Based on a true story, FLAG DAY follows Jennifer Vogel across two decades as she comes of age while navigating a fraught relationship with her beloved father, the con man John Vogel.
Flag Day is directed by Sean Penn (Into the Wild) and stars Dylan Penn as Jennifer Vogel, Academy Award® winner Sean Penn as her father John Vogel, and Katheryn Winnick as her mother Patty Vogel. Based on Jennifer Vogel’s memoir Flim-Flam Man: The True Story of My Father’s Counterfeit Life, the film is adapted for the screen by Tony Award® winner Jez Butterworth & John-Henry Butterworth, and produced by Golden Globe® winner William Horberg, Academy Award® nominee Jon Kilik and Fernando Sulichin. Original songs are by Cat Power, Glen Hansard and Eddie Vedder.
Los Angeles Special Screening Event Photos
At the heart of FLAG DAY is a love story between a father and daughter, but as filmmaker Sean Penn describes, “a complicated one.” It is a story of one woman’s pursuit to find truth in her life after growing up in the shadow of her father’s criminality. We see the bonds of family ebb and flow, with each truthful revelation and each destructive lie. This father daughter story serves as a metaphor for a country that often fails to live up to its highest ideals. A country that doesn’t follow through on its promises. Stoic imagery of flags waving and fireworks give way to darkened windows, disguises and eventually handcuffs and jail cells. Ultimately, it is a story of perseverance, of truth, and learning who you are in the shadow of someone else. It is a story of uncovering memories of the past and examining those memories from a raw and vulnerable place. Penn tells a dynamic story, and to do so, he brought together a cast and crew of exceptional talent to shepherd a project that he has always considered to be very close to his heart. One that took 15 years to finally put out into the world and the first film he has directed and starred in.
When producer William Horberg first read Jennifer Vogel’s gripping memoir, he immediately knew it had the makings for a strong film adaptation. “It felt like a truthful window into families and love and loss and lies. I found it captivating.”
Both humorous and heartbreaking, Flim-Flam Man details Vogel’s tumultuous relationship with her father–who also turned out to be one of the biggest currency counterfeiters in U.S. history–amidst her journey to becoming a respected writer and journalist. Horberg secured the rights and he and Vogel set out on a journey to bring her story to the big screen. Horberg says that Penn was the first actor he thought of to play John Vogel, although it would be years before Penn actually read the book.
Vogel wrote the story for two reasons: one, to figure out why things happened and why people did what they did and two, because she was searching for legitimacy, something she said she did not feel as she was growing up. “I wanted to reach back and resolve some things on a personal level but also tell the story of how I got there.” She’s expressed that there are many people who have similar stories to hers; that coming to terms with her story and putting it out there was important to her because she knew it would resonate with others.
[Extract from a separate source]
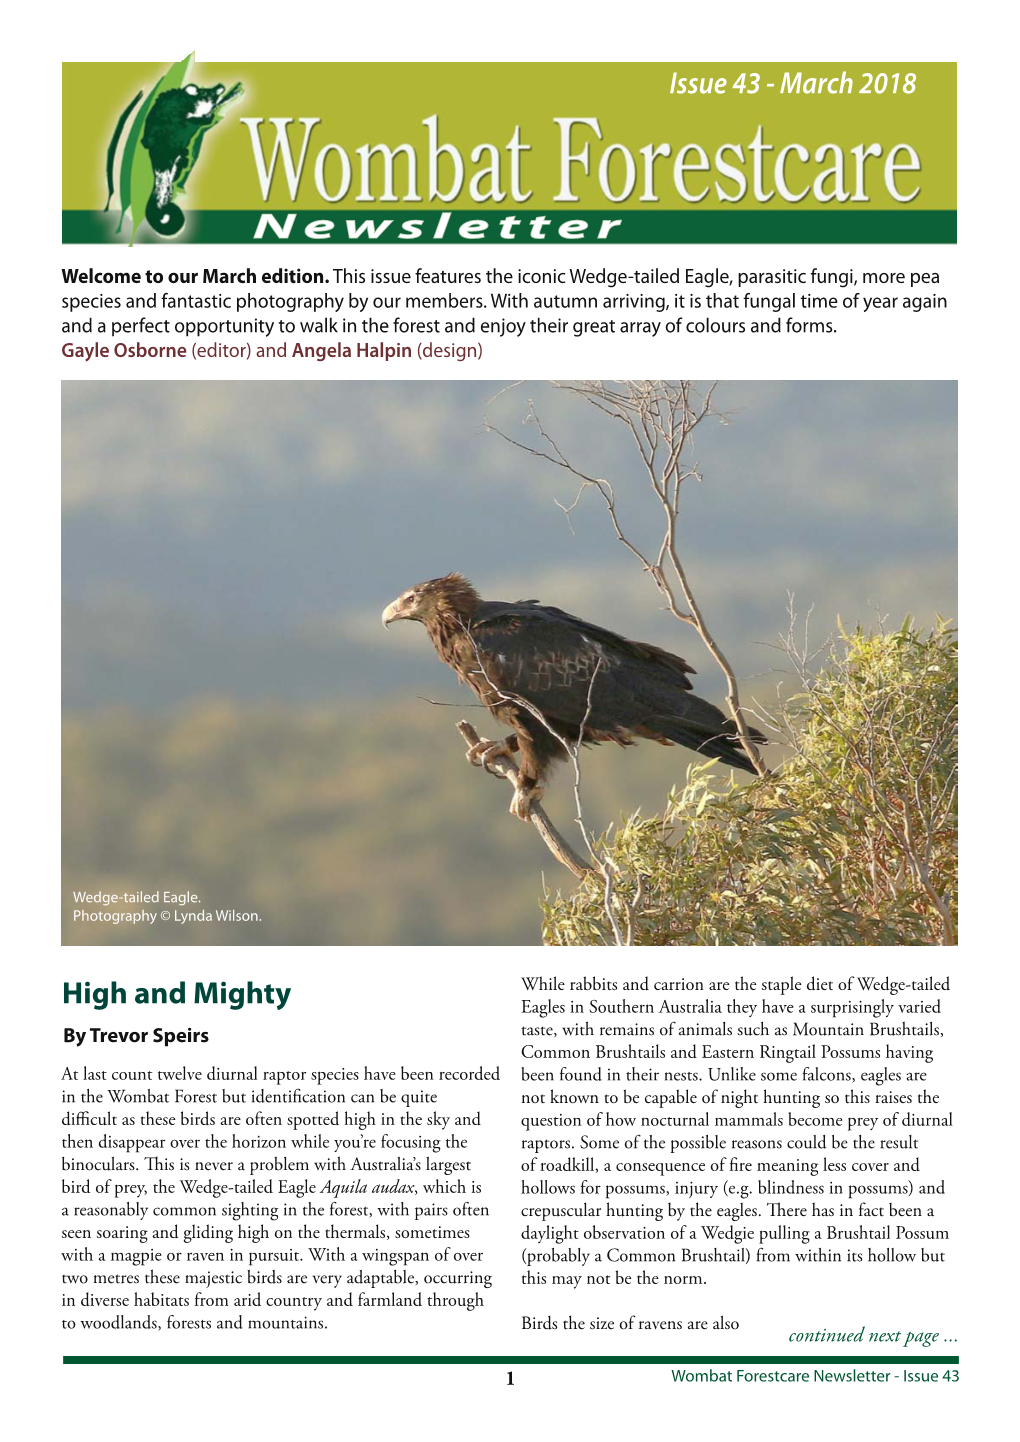 Wombat Forestcare Newsletter - Issue 43 Massive Stick Nest with Young Wedge-Tailed Eagle

Horberg shares in that feeling: “As I imagine would be true for anyone who sees the film, you can’t help but see some part of your own life in hers, not in the specific details, but in the way all families are dysfunctional, and all growing up involves separation and the need to forgive our parents for their mistakes even as we relive them ourselves.”
Dylan has shared that, “Working with my dad as my co-star and director was extremely intense! That said, he is truly the best scene partner and director I have ever worked with. It was nice to play around with him in that way. I felt so unbelievably supported which really allowed me to be vulnerable and essentially, emotionally naked. He really knows how to talk to actors to get what he wants; and although on set it can feel demanding, it’s comforting to have someone who knows exactly what they want, from the way you part your hair to the way you enter a room. To work with my brother is such a gift, he makes it very easy. We have such a close relationship in reality and I think that chemistry is obvious in the scenes we share.”
Like Sean and Hopper, Dylan’s relationship to the film felt very personal. When thinking back to when she first read the book as a 15-year-old, she says “it felt like reading my own diary.” It took 15 years for Dylan to accept the part of Jennifer, at which point she says that “reading it again at almost 30 was very nostalgic, like looking back at when I was an angst-y teenager. I felt I had really grown up like Jennifer did in the story and it felt like a parallel to my own life.”
While the father-daughter relationship between Dylan and Sean in real life is more transparent, supportive and loving than the one between Jennifer and John, Dylan feels she similarly strives for an open and honest relationship with her father. Jennifer Vogel calls Dylan “a truth-seeker” who is “looking for the heart of things.” Like Vogel, Dylan feels passionately about how audiences will be able to connect to this story and see parts of their own lives in it. “A big piece of it is finding your own identity…everyone is familiar with that.”